I conclude that on this record there is no genuine factual issue as to Mr. Ciferni's knowledge, by March 19, 1985, of his injury, of his exposure to glycol at Sohio's refinery, and of the relationship of glycol to heart injury. Therefore, the statute of limitations began to run by that date. As plaintiffs did not bring their action in the Court of Common Pleas until over two years and two months after the statutory *126 period began to run, I will grant Sohio's motion for summary judgment and accordingly release all defendants and impleaded defendants.


[1] Inexplicably, plaintiffs state that they filed their state court action on July 14, 1987, Plaintiffs' Reply, at 2, and Sohio misstates the date as June 14, 1987.

[2] Sohio also argues that Mr. Ciferni was on notice, if not actually aware, of a possible connection as early as February 1985. At that time, boilermakers visiting Mr. Ciferni at the hospital told him "three or four other people died, same job, heart attacks ... from the week I had the heart attack until the following two weeks." Ciferni Depo., Sohio Motion, Exh. F. Although Mr. Ciferni said he did not know the cause of the other workers' attacks, id., Sohio argues that due diligence would have required plaintiff to have investigated and discovered the alleged causality prior to July 1985. When asked if he made efforts to determine the cause of his injury between February 1 and June 26, 1985, Mr. Ciferni stated that he only relied on Michael Malvey (apparently his counsel for his worker's compensation claim), from whom he sometimes "wouldn't hear from ... for a year." Ciferni Depo., Sohio Motion, Exh. G.

[3] Plaintiffs object that this statement must be disregarded as inadmissible hearsay under Federal Rule of Evidence 802. However, Sohio has presented the statement not as proof of the truth of the matter asserted, but rather as evidence of the knowledge of the writerallegedly Mr. Ciferni at the time. See Fed.R.Evid. 801(c).

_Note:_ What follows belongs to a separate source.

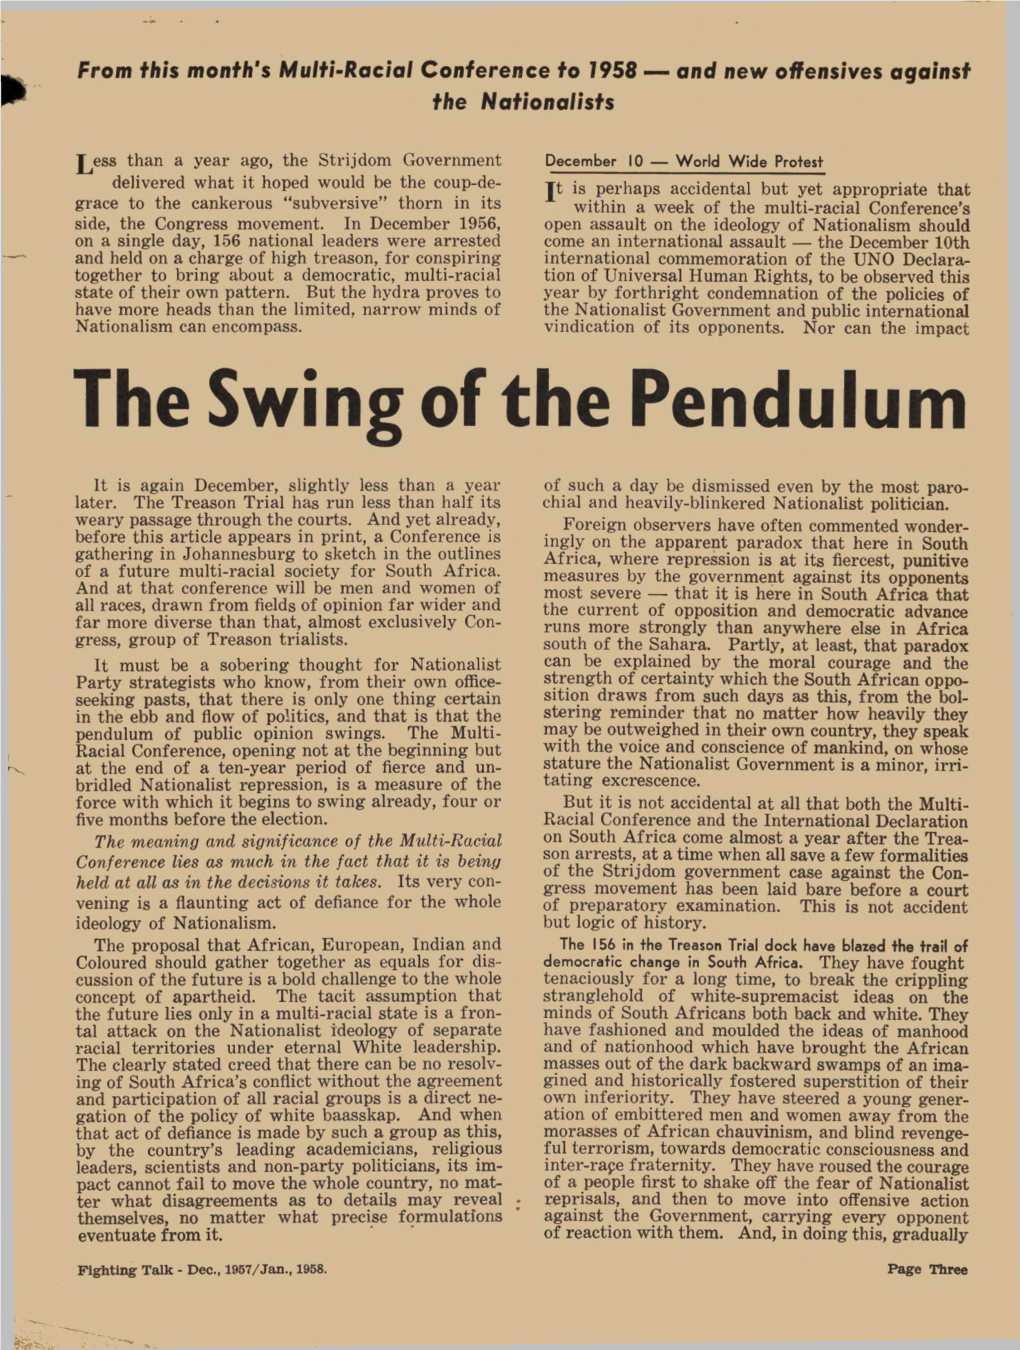 The Swing of the Pendulum

[4] Plaintiffs' challenge to the authenticity, and therefore admissibility, of the document under Federal Rule of Evidence 901 is overcome by the identification provided in the affidavit of Gordon H. Phillips. Sohio Reply, Exh. B. Mr. Phillips, an Insurance Manager who maintains Henkels' workers' compensation files, identifies Ms. Hassinger's signature on the document. He also states that Ms. Hassinger completed the form "from information provided to her by a person having personal knowledge of the facts, most likely Mr. Ciferni." Although it authenticates the document, Mr. Phillips' affidavit sheds little light on Mr. Ciferni's actual involvement if anyin its preparation.

[5] The complaint does not refer to any July 1985 meeting between Dr. DePace and Mr. Ciferni, nor does the reply to the motion refer to any such contact in June 1985. It appears, however, that plaintiffs' references to June and July meetings with DePace refer to the same event.

[6] A medical expert's opinion may be the first event from which a plaintiff gains any knowledge of a causal relationship between his injury and its cause. However, there is no talismanic quality of a medical diagnosis that supports a general legal presumption that a plaintiff could not have knowledge of the cause of an injury prior to medical confirmation. Compare O'Brien v. Eli Lilly & Co., 668 F.2d 704 (3d Cir.1981) (limitations period ran from when plaintiff with DES read an article in Newsweek, not when she discovered three years later that her mother had taken the drug) with Bayless v. Philadelphia National League Club, 579 F.2d 37, 40 (3d Cir.1978) (limitations period could not start running absent evidence that "plaintiff reasonably suspected or should have reasonably suspected" cause).